I wish I had had someone to tell me that there should never be parts of your sex life you have to dissociate to "get through." Maybe it's obvious to other people but I literally could not conceive of sex where I didn't have to reciprocate physically. In my circles it was a given: you either want to touch your partner, or you don't love them. It was the unspoken truth that no one in "real life" was always-the-bottom, and my private high fem fantasy stories were considered immature at best, fetishistic at worst. In my world, I was not permitted to even conceive of having that boundary, only to dream of it, guiltily.
None of my past partners, I am absolutely certain, would have wanted to have sex with me if they had known what happened to my internal state when I topped. But I was so desperate to be loved, to be wanted, I tried to become their fantasy of what I should be. Because I really did love them! But it was wrong to deceive them. It couldn't last. I couldn't keep it up, the real me would slip through the cracks.
There is something about stone which is repulsive to queer people outside the scene. It is alienating and strange to them. How can you be a gay woman, if you don't want to fuck women? How can you be a gay woman, if you don't want to be fucked by women? It's a repression to be overcome, a Freudian repression, that must be diagnosed by psychoanalysis and cured by exposure therapy-- "You'll learn to like it. It's a part of growing up." It's not a boundary, it's a personality flaw. A red flag. An ick.
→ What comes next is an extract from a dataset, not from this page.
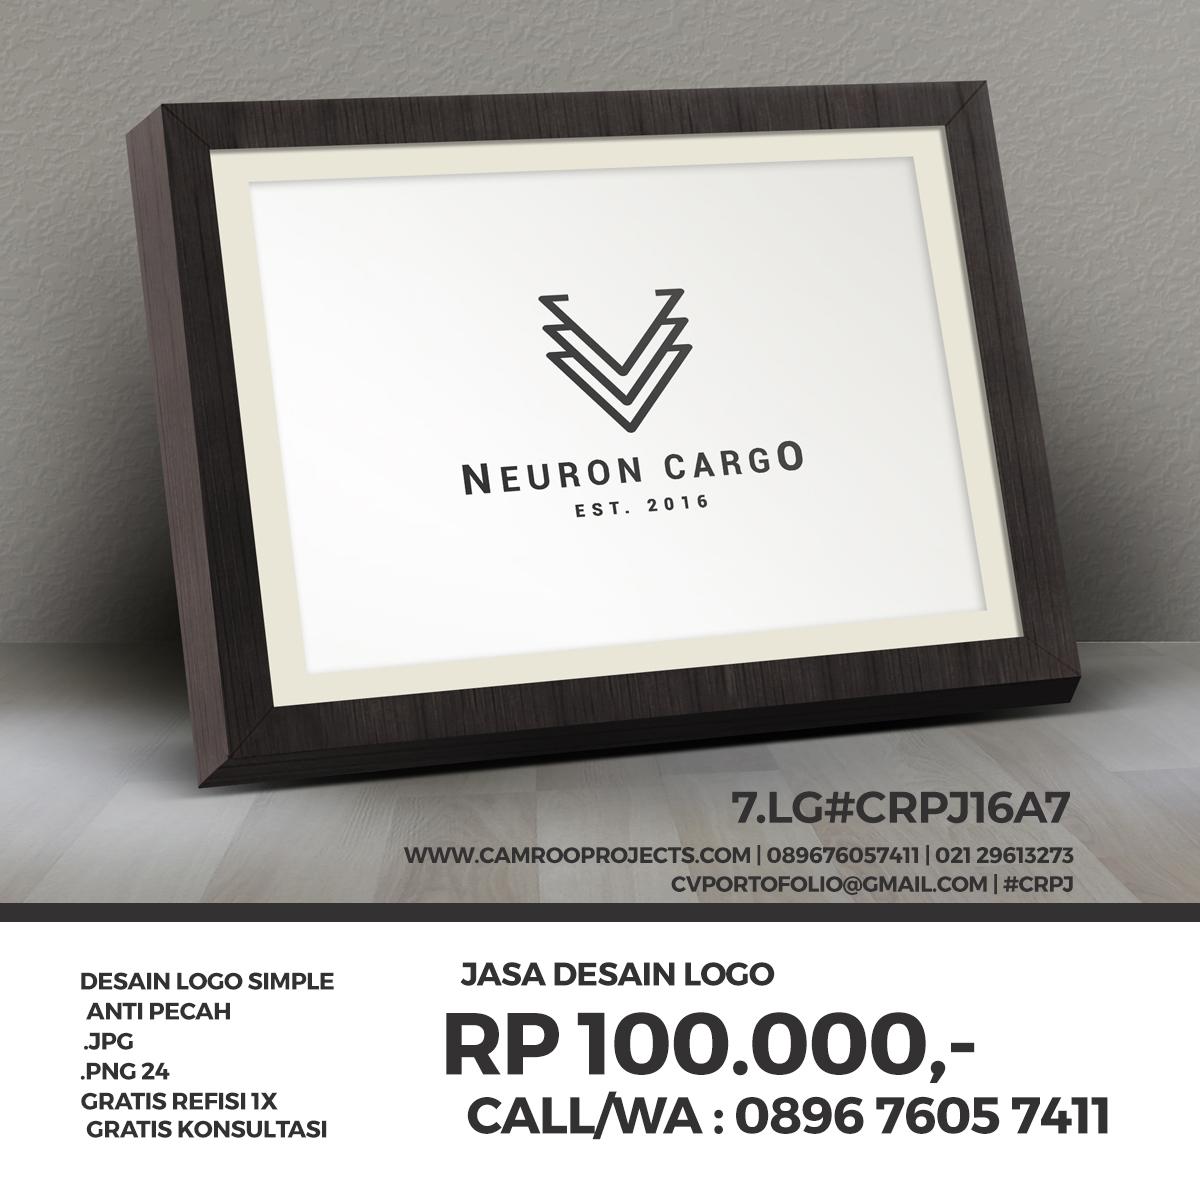 Jasa Desain Logo Terunik Di BogorJasa Desain Logo Terunik Di Bogor

If you live in that world, it's hard to imagine any other. But you try, because it's essential to your survival. Little etchings of stone, like a medieval illuminator who has never seen a giraffe, but has heard a fourth-hand description of one. The stone world is as unreal to you as the giraffe is to the monk-- you will never see it, and it might not even be real.
How many failed relationships does it take to reach the realization that you cannot deceive your way to being loved? How long can you ignore the voice in your head who begs, don't ask me to do this, please, don't ask me to do this? How small can you make yourself? How empty?
The stone world is real. It's out there, and I've seen it. I've been there as a tourist and now I hope to make it my home. I'll build a house right here, and put my name on the mailbox. I can't let you in, not yet-- I haven't finished unpacking-- but we can sit on the porch, and talk. I'll make you tea. You can put your feet up. It's a good little house. It's mine, and there's a lock on the door. Someday, someday, I'll have 'em cut you a key.